Final reading = 1 14/16″ + 3/128″ − 0″ = 1 112/128″ + 3/128″ = 1 115/128″

## Conclusion

Learning how to read vernier caliper benefits you to accomplish before using it. Unlike digital caliper or dial caliper that is relatively easier to read, reading vernier caliper takes more effort to be familiar with.

Aside from that benefit, learning how to read the vernier caliper means you are learning to read the vernier scale. This scale can be found in several linear measuring instruments such as vernier micrometer, vernier depth gauge, etc.

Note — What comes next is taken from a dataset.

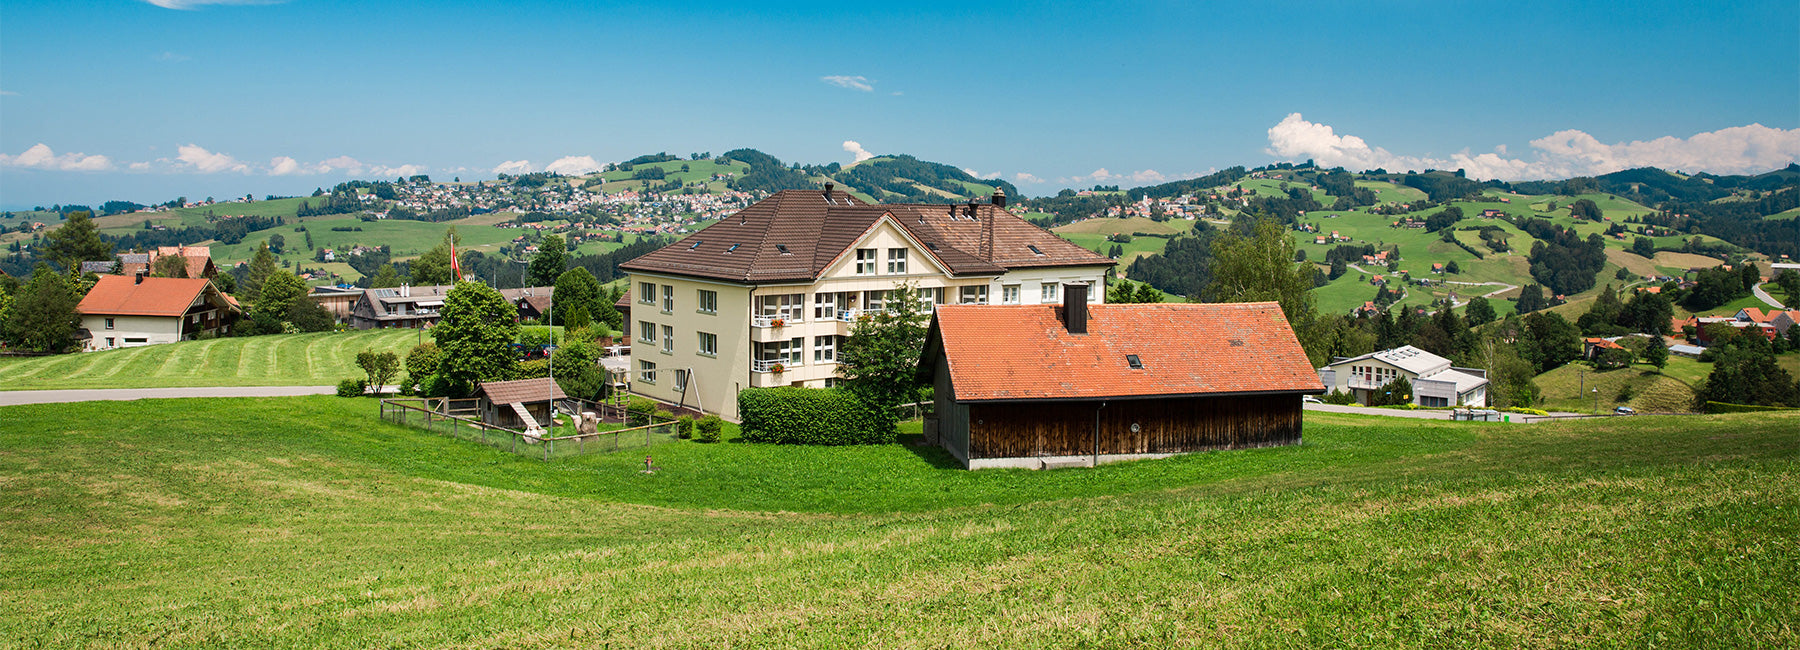 Wohn- und Pflegeheim Boden Trogen Appenzell Ausserrhoden

In short, the opening step that you have to do is to ensure the value of the smallest division of the main scale and the vernier scale. Then, you have to check the zero error. If the zero marking is not aligned, you have to measure the value. Then, read the main and vernier scale. Finally, add the reading of the main scale, vernier scale, and zero error altogether. The result of these three readings is the final reading.

Actually, when you calibrate the vernier caliper, you are doing measurement and calculation surely, you have to add the uncertainty value. However, since this topic only covers how to read vernier caliper as a general method (not for calibration), we don’t take uncertainty into the calculation.